To Stay or Not to Stay
When an insurer contemplates the pros and cons of filing a declaratory relief action to determine a coverage issue, one important factor is whether the action is likely to be stayed until conclusion of the underlying dispute against the insured. In California, coverage actions are stayed to avoid having facts that impact both coverage and the insured’s liability in the underlying action decided (or even the subject of discovery) in the coverage lawsuit if this would prejudice the insured’s defense of the underlying lawsuit. See Haskel, Inc. v. Sup. Ct. (1995) 33 Cal.App.4th 963, 980; Montrose Chem. Corp. v. Sup. Ct. (1993) 6 Cal.4th 287, 302.
In Great American v. Sup. Ct. (Angeles Chem. Co.) ___ Cal.App.4th __ (2009 WL 3234636), California’s appellate court (Second District – Los Angeles/Crosky) reviewed the issue of overlapping facts. However, after doing so (and finding the coverage action could proceed because it raised contract interpretation issues and not factual issues pertinent to the underlying lawsuit), the court still remanded the case to the trial court to “balance the possible prejudice to the parties by the grant or denial of the insured’s motion to stay.” This may pose a nearly impossible situation for an insurer if no other insurer is defending the lawsuit. However, CGIS Insurance Services, Inc. v. Sup. Ct. (2008) 168 Cal.App.4th 1493 (also written by Justice Crosky) should also be considered, in which the court found a stay inappropriate where the question presented was a strictly legal issue.
Great American’s coverage lawsuit arose out of an underlying environmental pollution case. Great American and several other insurers agreed to defend the insureds. Great American filed its declaratory relief action for a determination that its policy limits were exhausted and therefore there was no further duty to defend. The legal issues presented by this claim were two fold: (1) whether there was only $500,000 per occurrence available in applicable limits; and (2) whether there was an additional annual limit available because the insured had paid for an additional couple of months of coverage. The insured argued the policy limits question necessitated determination of facts in the underlying case, including whether there was more than one occurrence and what caused the pollution. The insured also argued it might assert a bad faith claim which would create factual issues that should be stayed.
The appellate court made short shrift of these arguments. The possible bad faith claim was speculative. No proposed claim had been presented to the court and, therefore, none could be considered. On the issue of the amount of policy limits available, the court concluded these were contract interpretation issues that did not require discovery of or determination of the facts in the underlying case. So a stay was not appropriate on those grounds.

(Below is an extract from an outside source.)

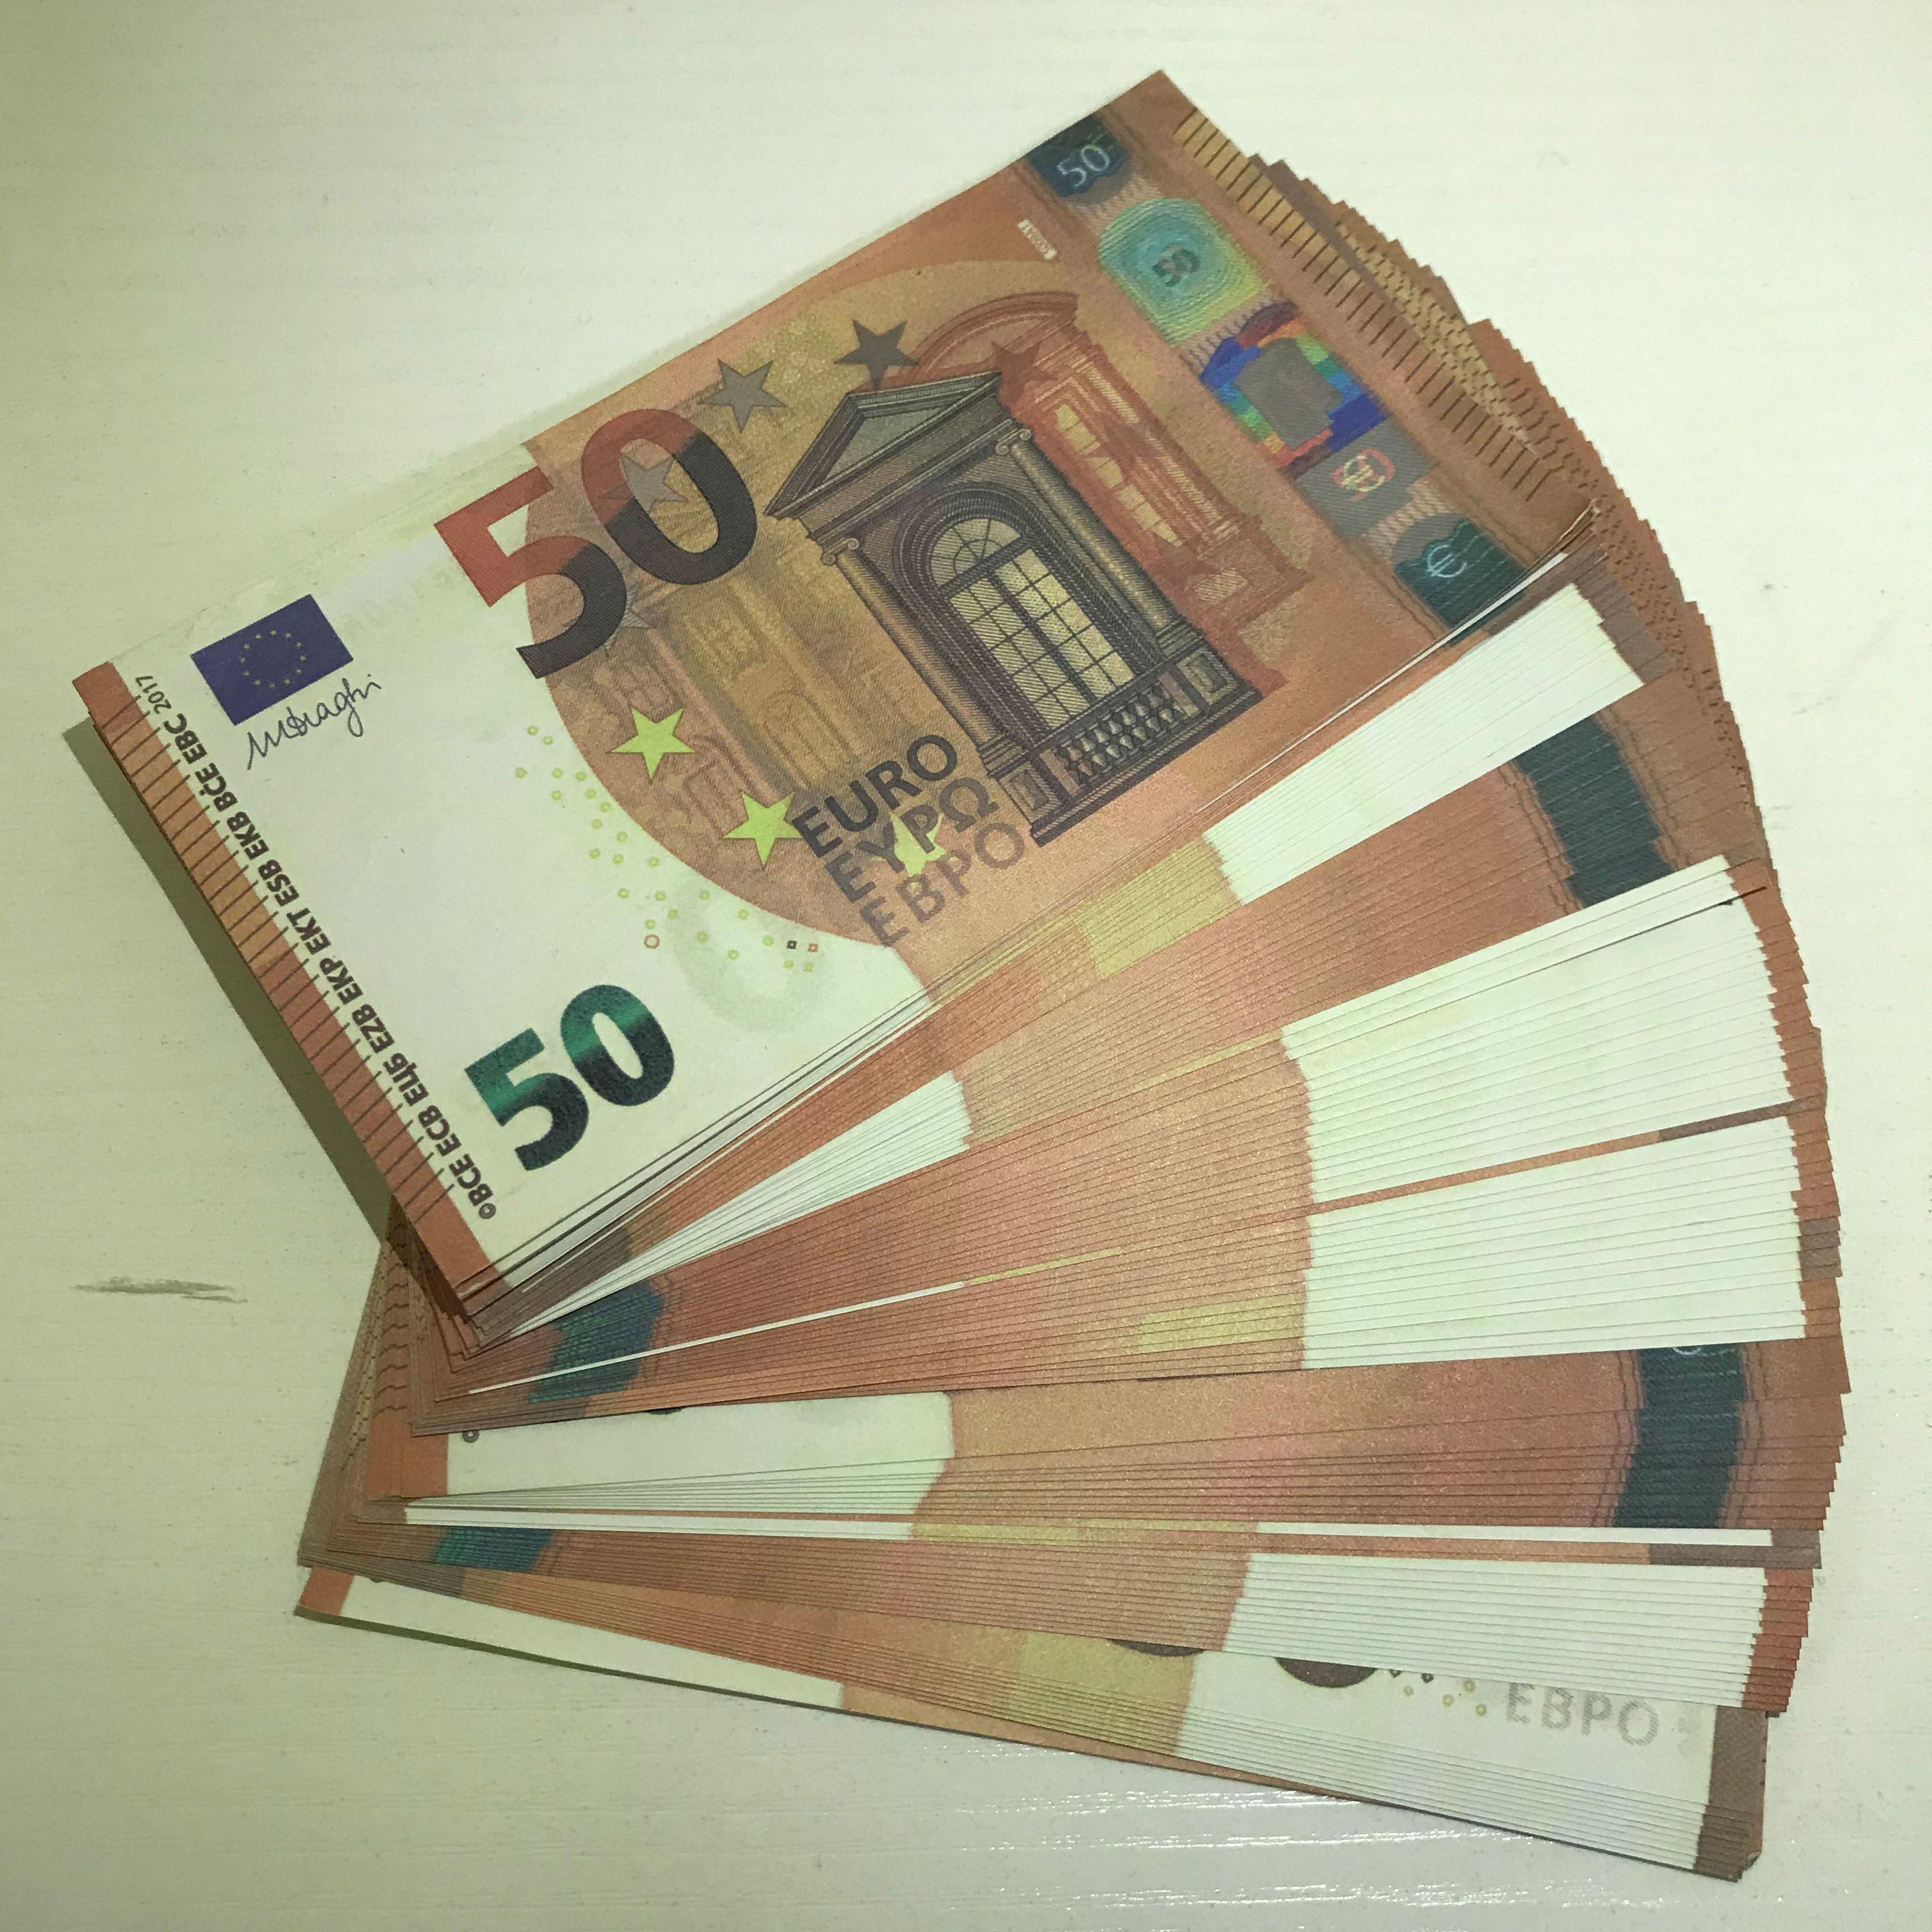 Hot Banknote LE50-40 Shooting Atmosphäre Spielzeug MV Fälschung Prop 50 bar Prop Gefälligkeit Euro Copy Party Bühne SGSFP Jatoa

However, the appellate court held another factor had to be considered - the prejudice of the insured being compelled to fight a “two-front war.” The court indicated this factor must be considered “every time an insured seeks to stay a declaratory relief action while the underlying action is still pending.” Thus, the trial court was instructed to balance the insured’s interests in not fighting a two-front war against the insurer’s interest in not being required to continue to pay for the defense where it may not owe a defense and may not be able to recoup that money. The appellate court noted this issue is “circumstance-specific” and suggested it could depend on factors such as:
• the anticipated duration of the underlying litigation,
• whether the insured has separate counsel in the two actions, and
• availability of other insurance to cover the costs of defense.
Certainly the appellate court’s consideration of the relative burdens/prejudice is based in part on that, in California, an insurer has a right to reimbursement from the insured and contribution from other insurers if the insurer defends or indemnifies and later is found to have had no obligation to defend or indemnify. See Buss v. Sup. Ct.(1997) 16 Cal.4th 35, 48-49.
The appellate court directed the trial court, on remand, to balance “the prejudice to the insureds if they are required to litigate both cases at once against the prejudice that Great American will sustain if it is forced to continue to provide a defense until the underlying action is resolved.” What may help Great American in this particular case is that there are other solvent insurers defending. This certainly is not always the case. The court also indicated the trial court should consider alternative methods to achieve a fair balance of the interests of insurer and insured – suggesting there may be legal issues that could be determined on demurrer or motion for summary judgment at no great expense to either party.